We apparently also love a debate.
Earlier this month, the president announced that the administration would halt the deportations of certain young people in the country illegally, sparking a fierce and, at times, partisan discussion over what should be done about the estimated 11 million people here illegally.
The debate reached a fever pitch on Monday morning when the Supreme Court ruled on SB1070.
About 50,000 people signed in to SCOTUSblog to watch reporters inside the Court blog live. By noon, hashtags #SB1070, #SCOTUS, and #Arizona dominated Twitter.
Hundreds filled out an informal poll on the Arizona Republic's website: by 7 p.m. ET, 36.4 percent of those who responded thought that today's winners were Arizona residents. The next largest share, 33.8 percent, said nobody won.
Reactions in the social-media universe were also mixed.
"How sad SB1070 section 2B permits the police act as immigration agents was approved, sad racism against Hispanics," @OMARSANCHEZOMI tweeted in Spanish.
SB1070 supporters let their voices be heard too.
"SOOOO SICK of hearing about how 'controversial' SB 1070. It's about asking for freaking i.d. people," tweeted @KatiePavlich.
It seemed everyone weighed in, many simultaneously claiming victory and expressing reservations about the ruling: Arizona Gov. Jan Brewer, President Obama, Sen. John McCain, R-Ariz., the immigrant-rights group the National Council of La Raza, the American Civil Liberties Union, restrictionist advocacy and grassroots organizing groups the Federation for American Immigration Reform and NumbersUSA — even the Mexican government.
(Read related story here.)
Spanish-language media covered the story exhaustively. Telemundo posted a video, explaining to immigrants what to do if they are detained.
By 5:30 p.m.
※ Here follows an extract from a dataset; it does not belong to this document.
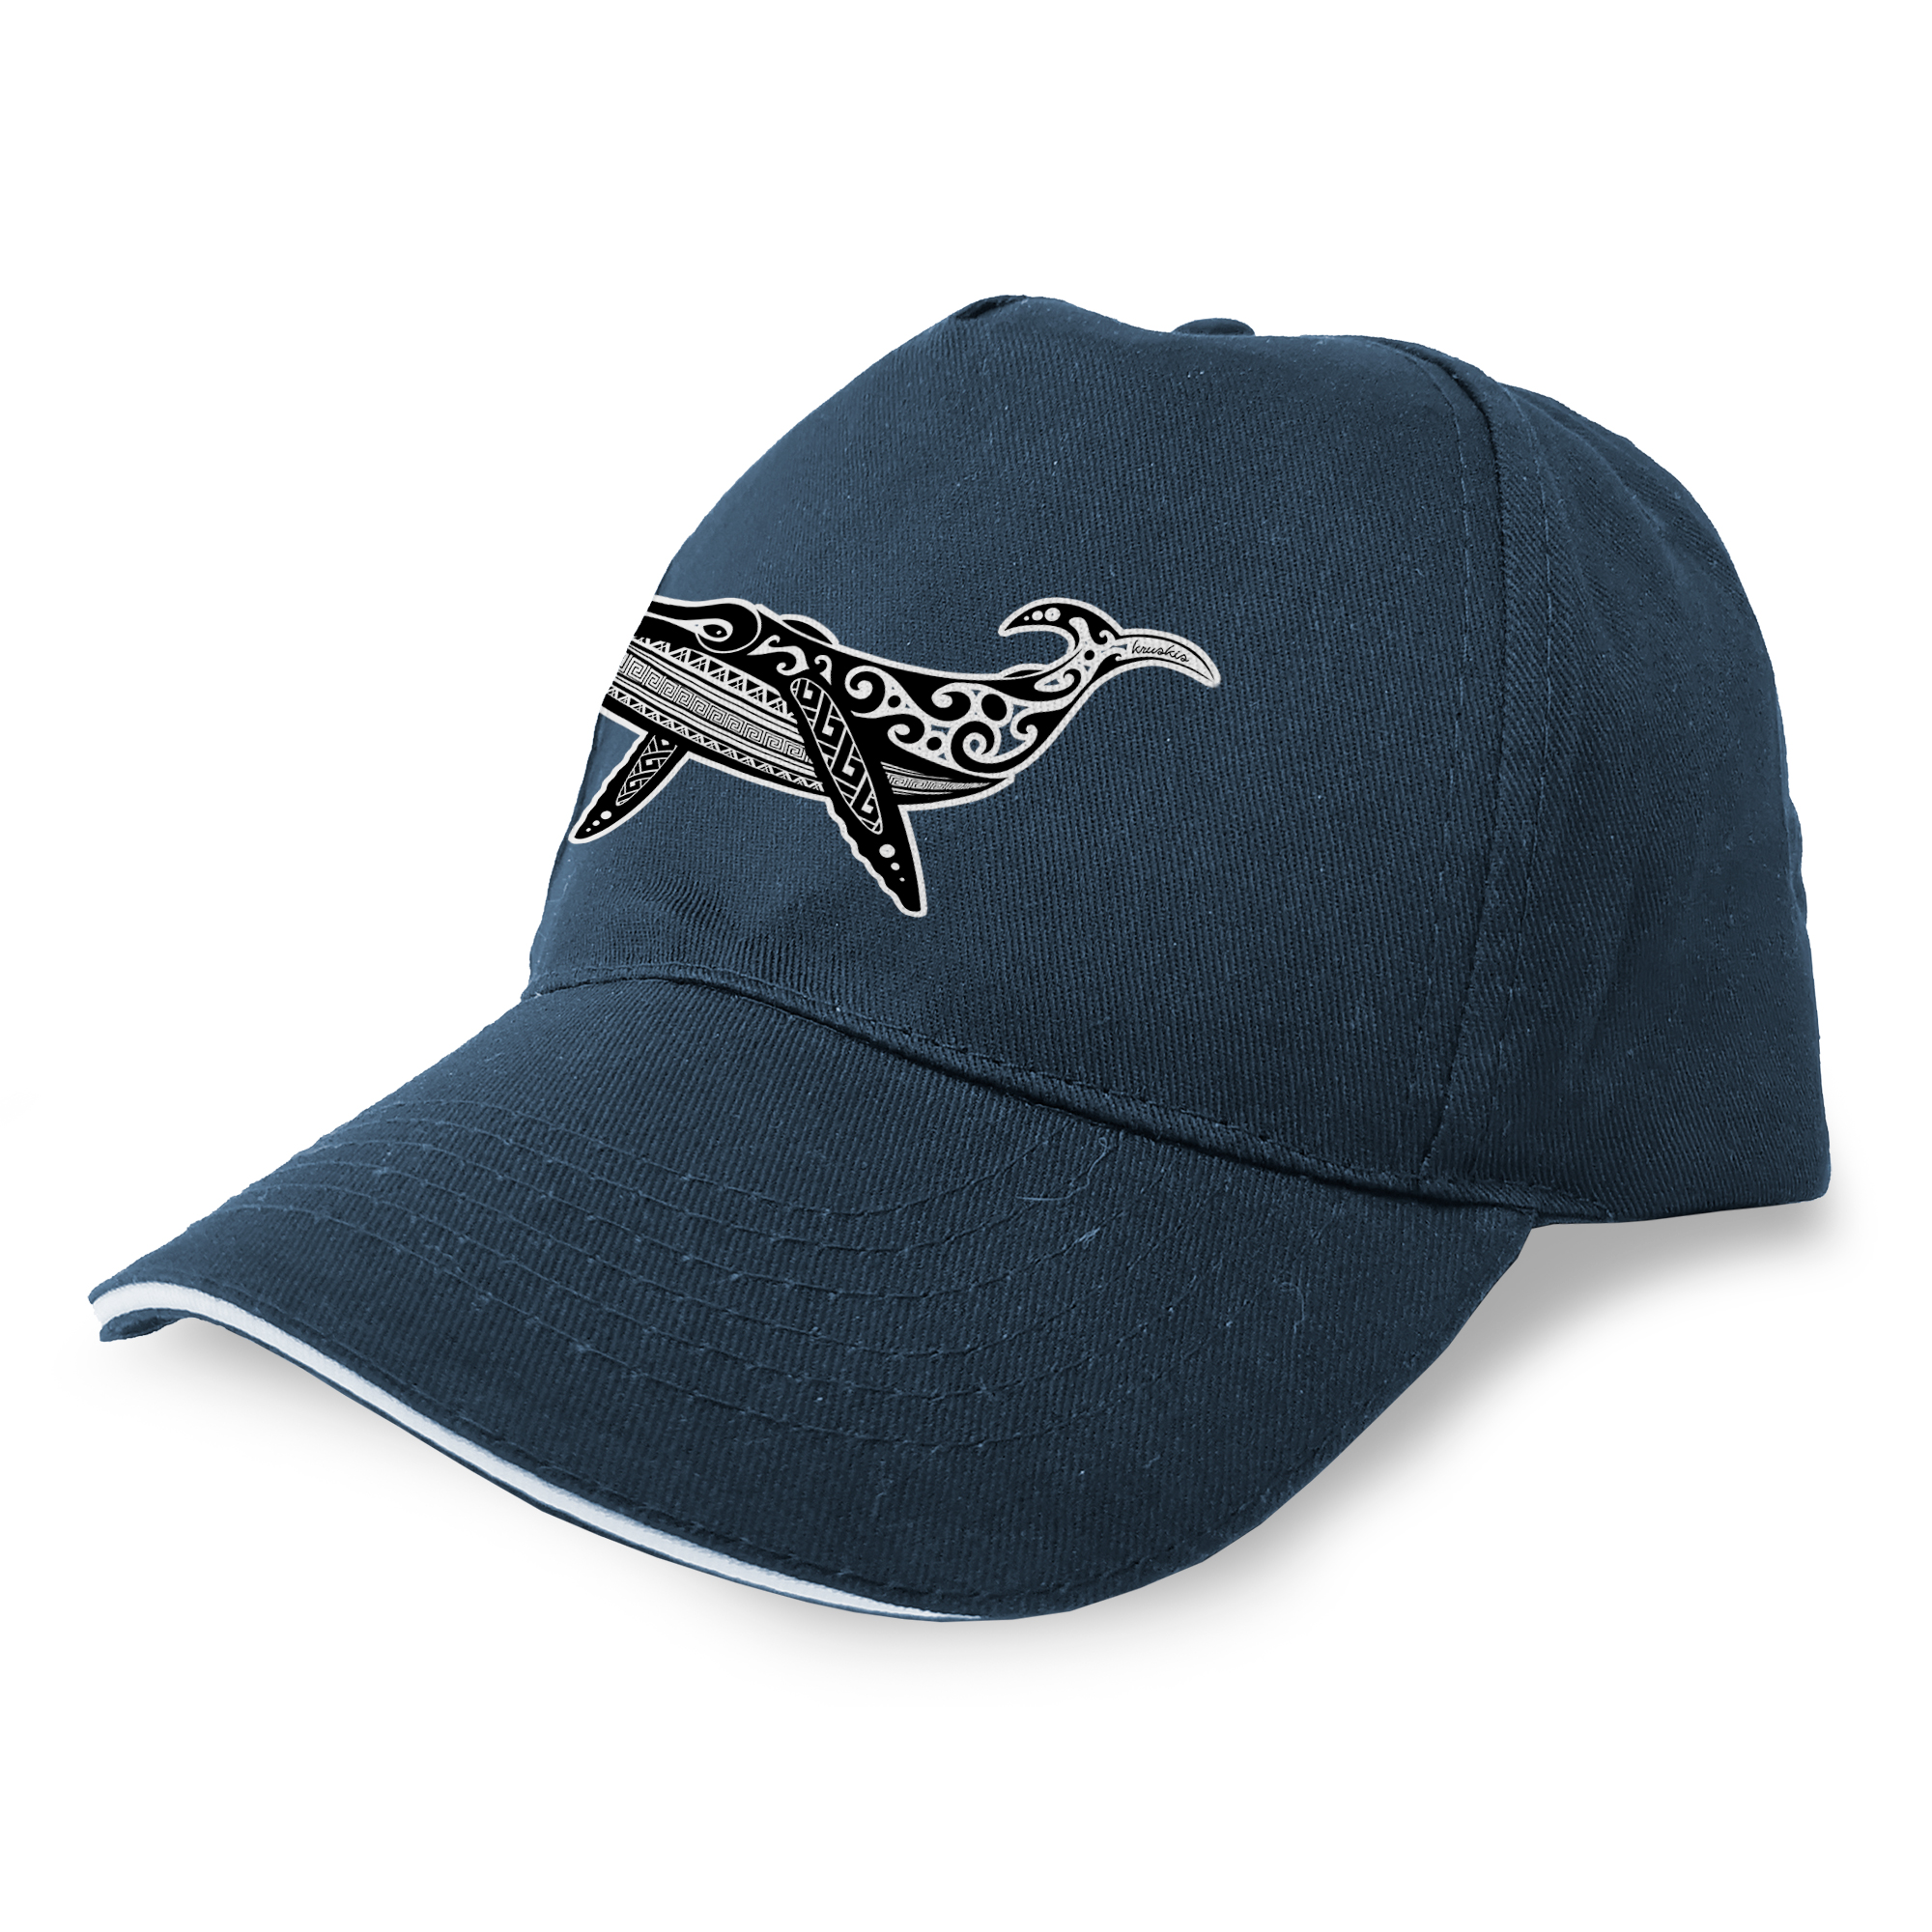 Cap Immersione Whale Tribal Unisex
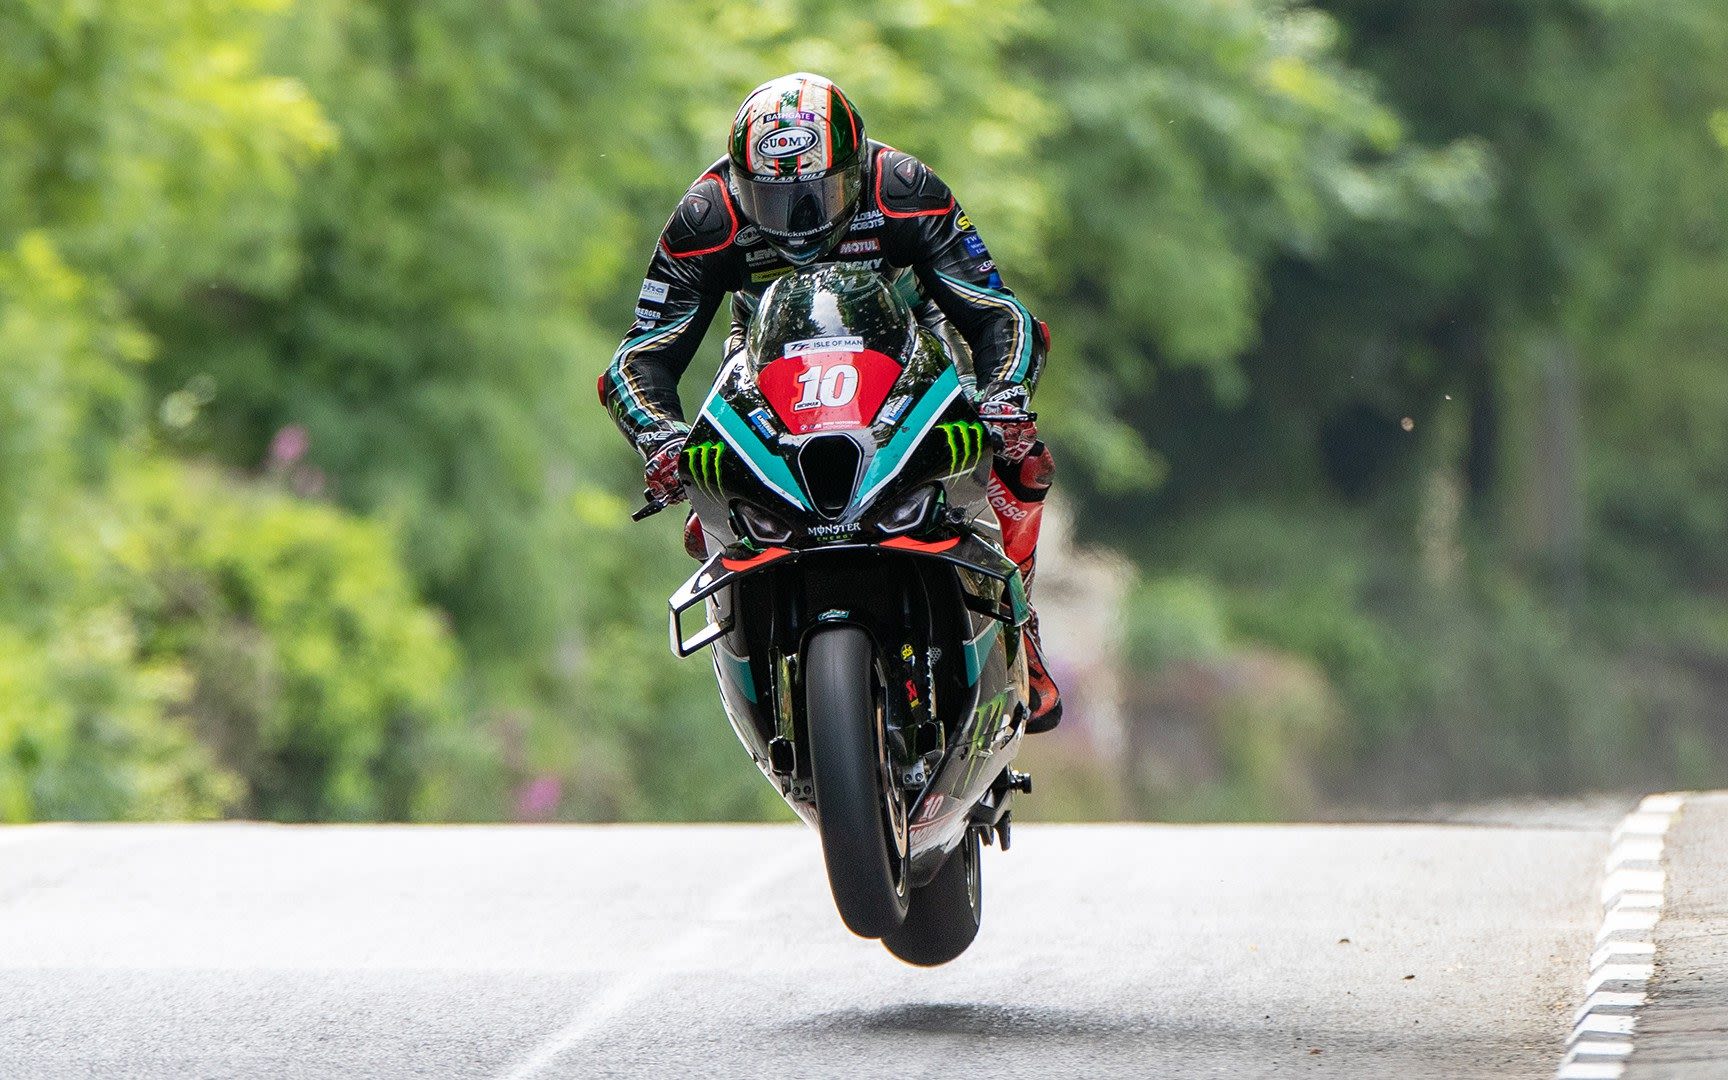 Isle of Man TT preview – the men behind the madness

ET on Monday, 734 people had commented on Univision's explanation of the ruling.
Concerns about the laws were not restricted to the Hispanic community.
Mee Moua, executive director for the Asian American Justice Center, applauded the Supreme Court's decision to overturn several provisions within SB1070.
But while she felt that the ruling based on federal preemption was an appropriate decision, she maintained that the AAJC was "concerned about the application of the "˜show me papers' provision," adding, "I think it's very unclear what reasonable suspicion translates into."
"In my mind, based on the language that's in the decision, is now being a person of color or speaking English with an accent, is that now similar to slurred speech or alcohol on the breath?"
Moua later added, "It's not just about being Latino but it is a concern to us for the community of color as a whole."
Americans were not the only ones trying to figure out what the ruling meant for their communities, friends, and families. The extensive international coverage and the reach of social media spread the news quickly beyond our borders — particularly the southern border.